Let's prompt the user to enter a YouTube video URL and use the YouTube transcript scraper tool to extract the transcript, duration, and metadata.

In [8]:
video_url = input('Enter the YouTube video URL: ')
scraped_transcript = yt_scraper_tool.run(YouTubeTranscriptToolSchema(video_url=video_url))
transcript_provider.transcript = scraped_transcript.transcript
transcript_provider.duration = scraped_transcript.duration
transcript_provider.metadata = scraped_transcript.metadata

print(f"Successfully scraped transcript for video: {scraped_transcript.metadata.get('title', 'Unknown Title')}")
print(f"Video duration: {scraped_transcript.duration} seconds")

DefaultCredentialsError: Your default credentials were not found. To set up Application Default Credentials, see https://cloud.google.com/docs/authentication/external/set-up-adc for more information.

## Step 9: Run the Agent

Now, let's run the agent to extract knowledge and insights from the YouTube video transcript.

In [None]:
print("Analyzing the transcript. This may take a few moments...")
response = agent.run(agent.input_schema(chat_message='Perform your assignment on the YouTube video transcript present in your context. Do not reply with anything other than the output of the assignment.'))
print("Analysis complete!")

## Step 10: Format and Print the Response

Finally, let's convert the response to a dictionary, format it as a Markdown string, and print the response in a pretty Markdown format.

In [None]:
response_dict = response.model_dump()

def format_markdown_section(title, items):
    if isinstance(items, list):
        return f"## {title}\n" + "\n".join([f"- {item}" for item in items]) + "\n"
    return f"## {title}\n{items}\n"

markdown_string = ""
for key, value in response_dict.items():
    title = key.replace('_', ' ').title()
    markdown_string += format_markdown_section(title, value)

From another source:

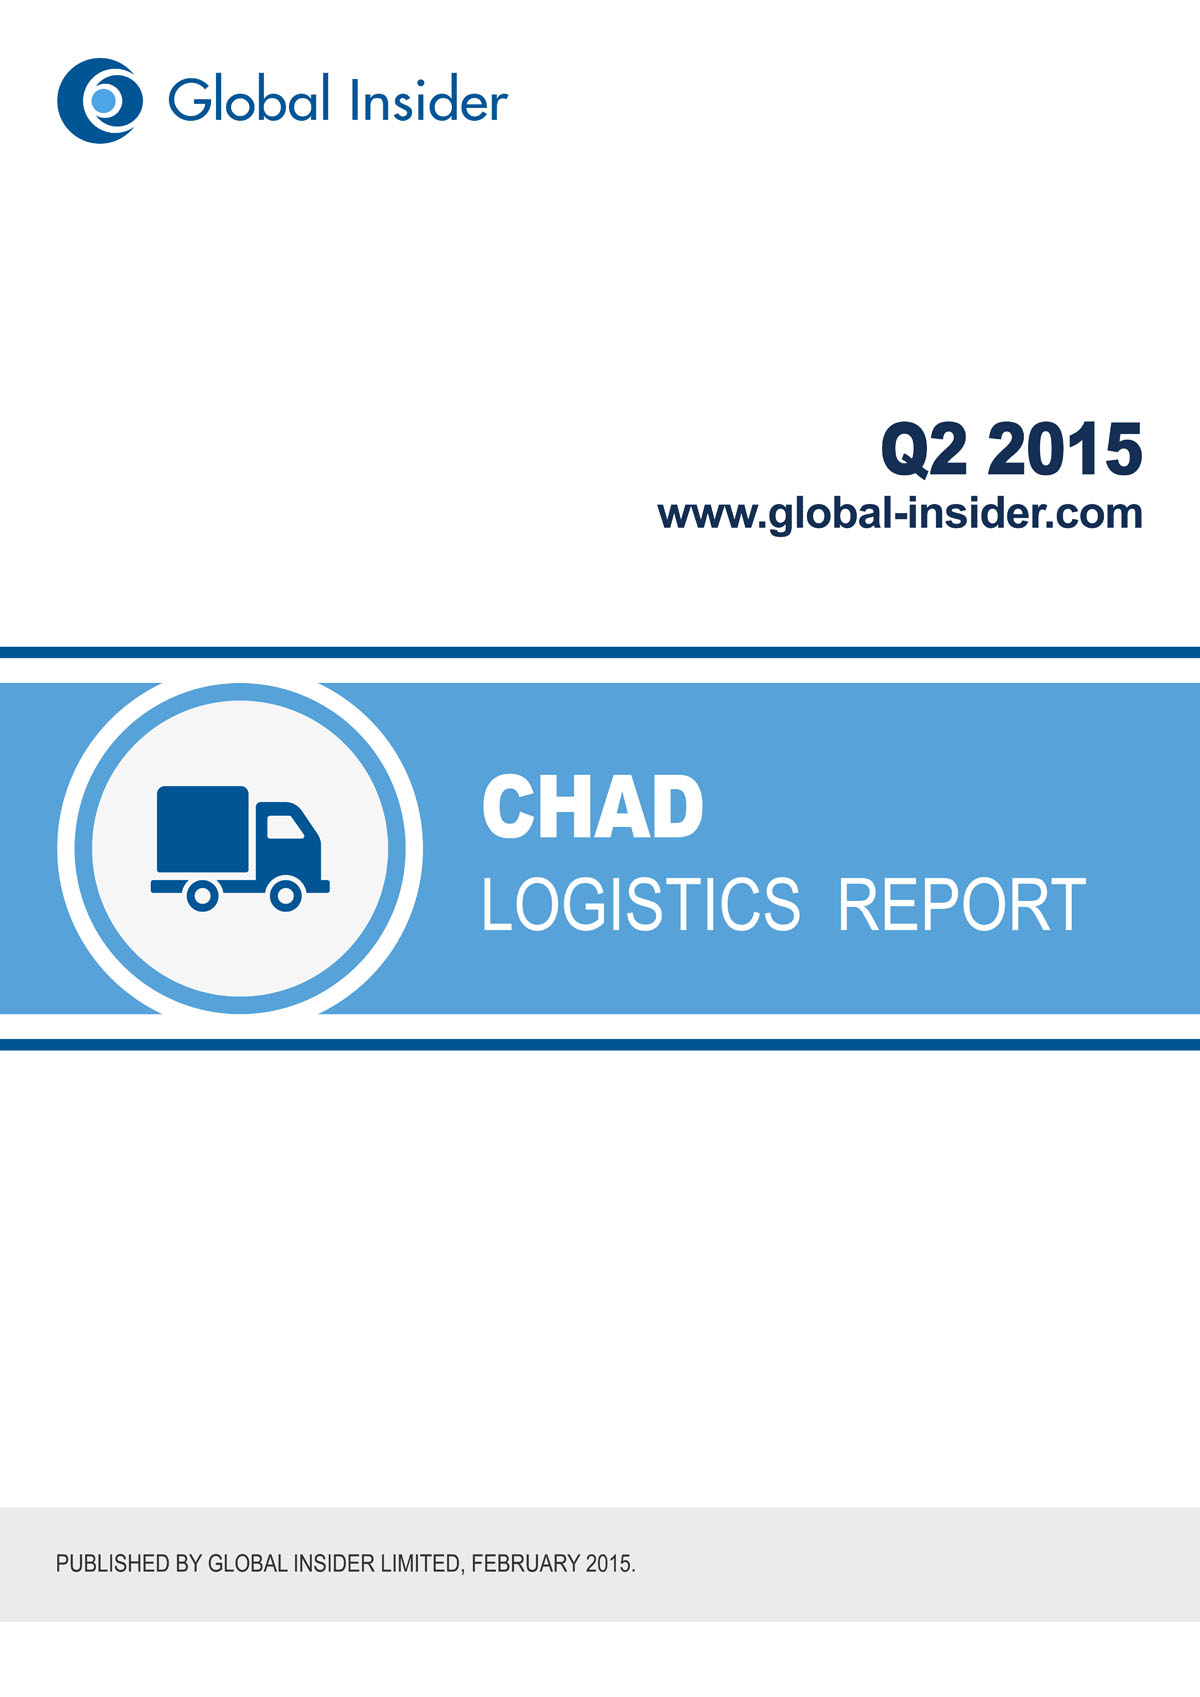 Chad Logistics Report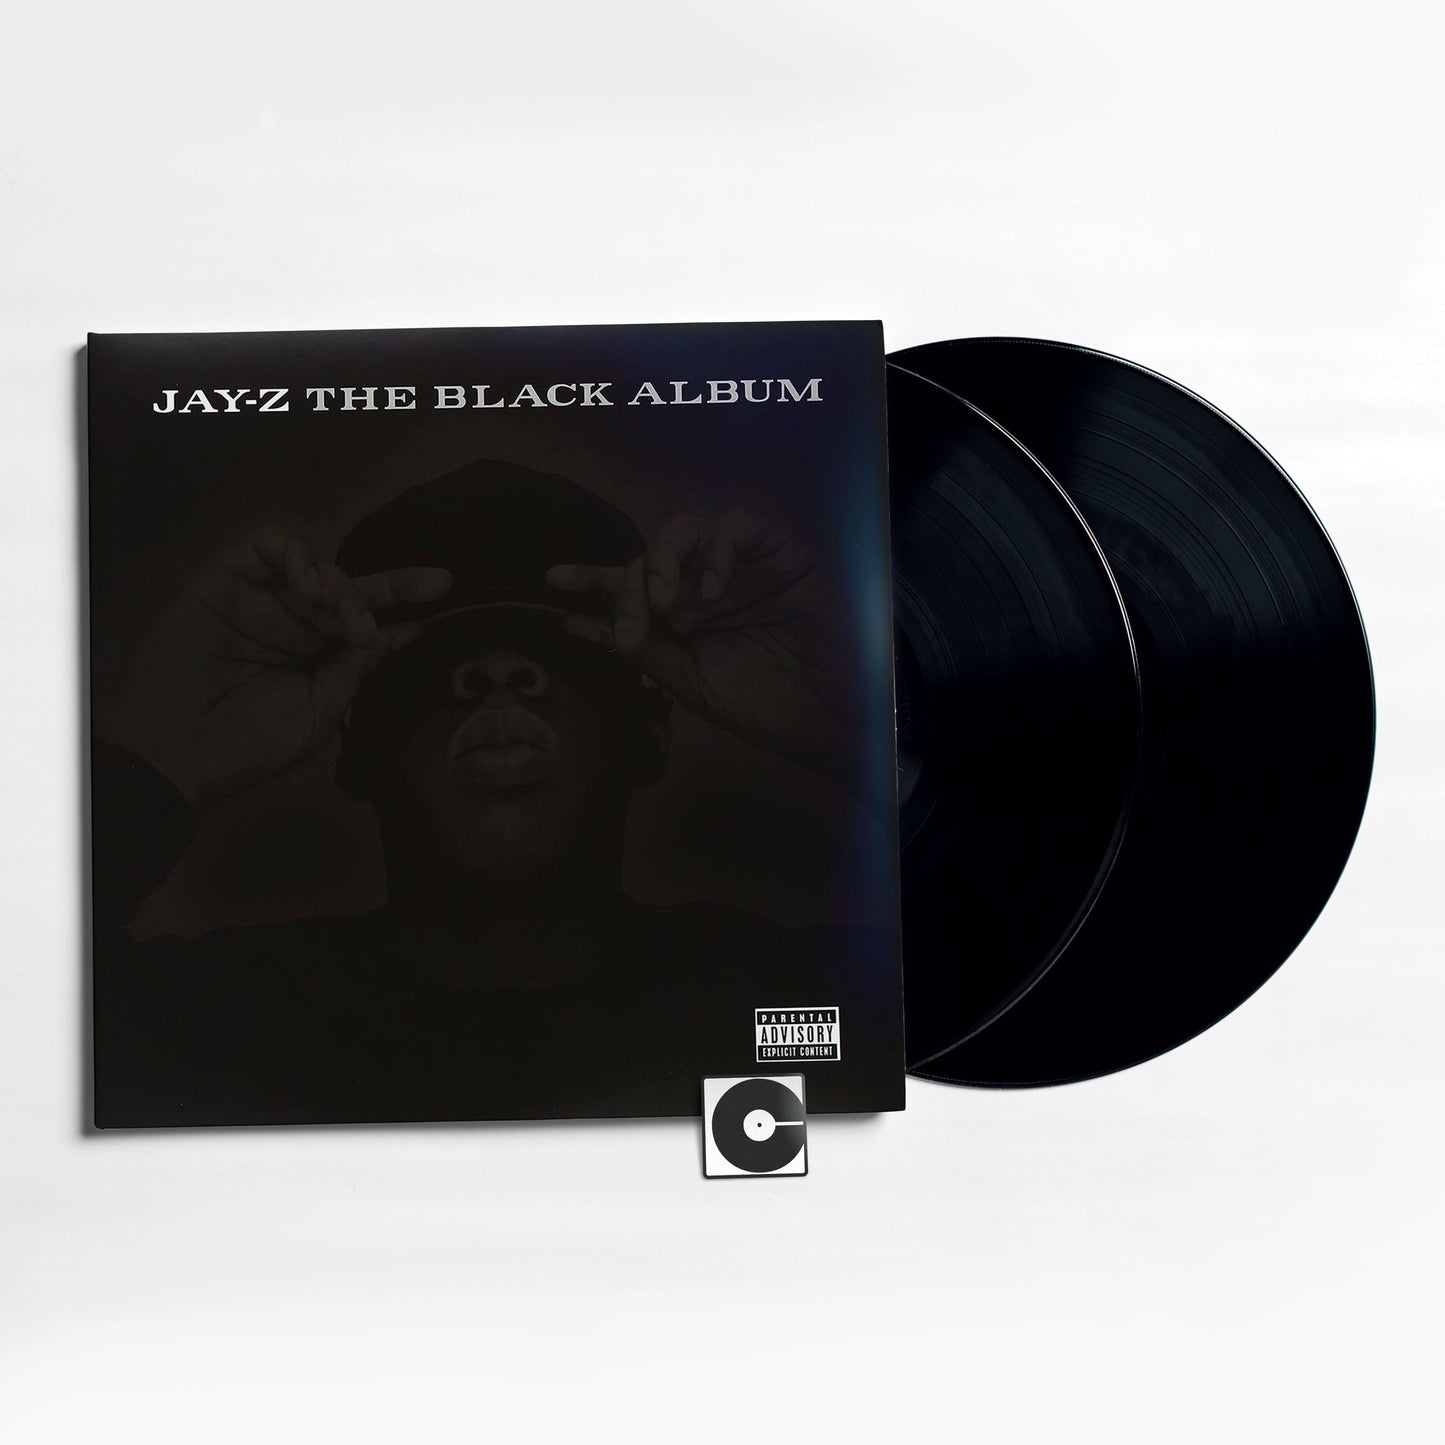 Jay-Z - "The Black Album"

markdown_response = Markdown(markdown_string)
console.print(markdown_response)

## Conclusion

Congratulations! You've successfully created a YouTube knowledge extraction agent using the Atomic Agents library. Here's a summary of what we accomplished:

1. Set up the environment and installed necessary packages.
2. Configured the OpenAI API key securely.
3. Initialized components including the OpenAI client and YouTube transcript scraper tool.
4. Defined a system prompt to guide the agent's behavior.
5. Created a structured response model to format the extracted information.
6. Built a chat agent using the Atomic Agents library.
7. Extracted and processed a YouTube video transcript.
8. Ran the agent to analyze the transcript and generate insights.
9. Formatted and displayed the results in a readable Markdown format.

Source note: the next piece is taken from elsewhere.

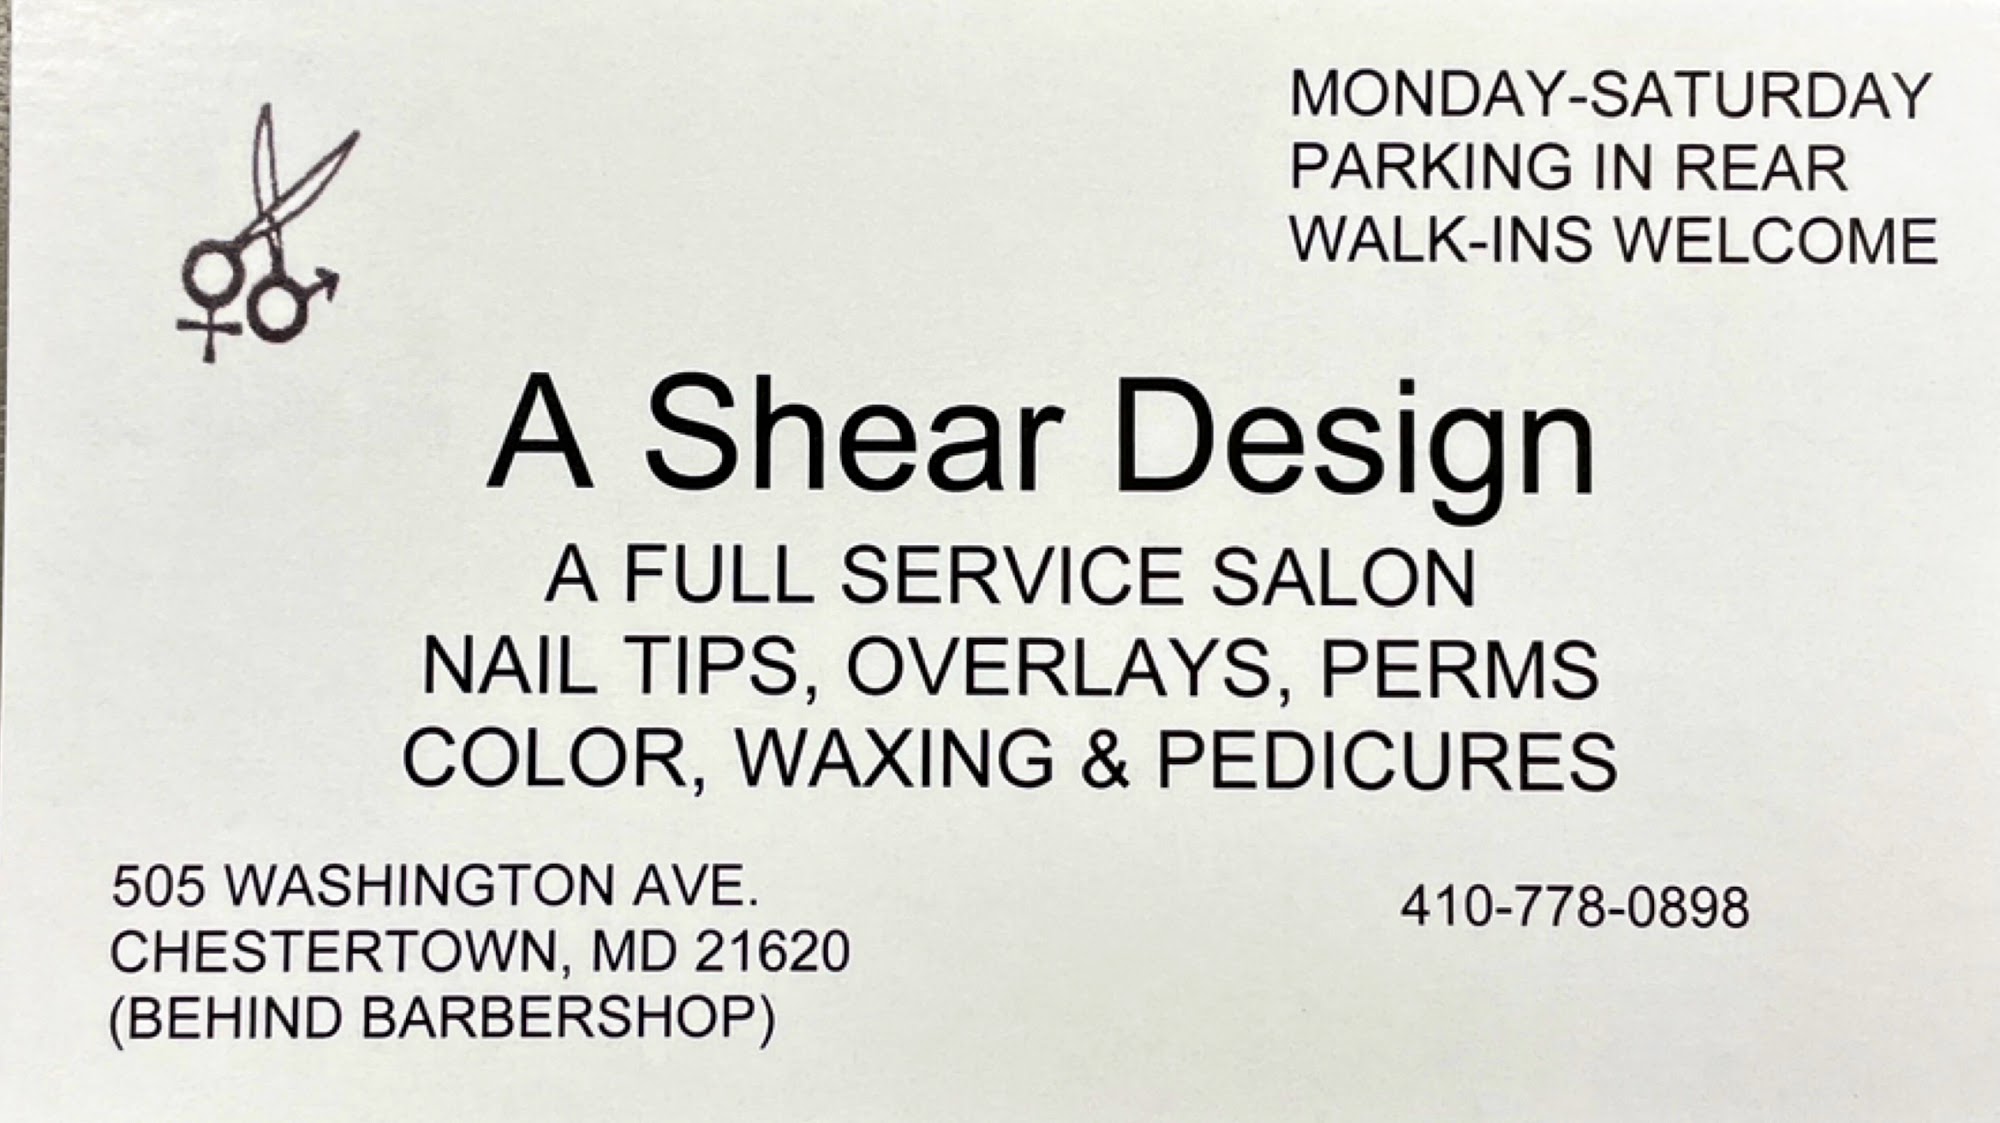 A Shear Design 505 Washington Ave, Chestertown Maryland 21620

This agent can be further customized by modifying the system prompt information, response model, and other components to suit specific requirements. For example, you could adapt it to focus on different aspects of the video content or integrate it with other tools and APIs.

Remember to handle API keys securely in your projects, especially when sharing or deploying your code.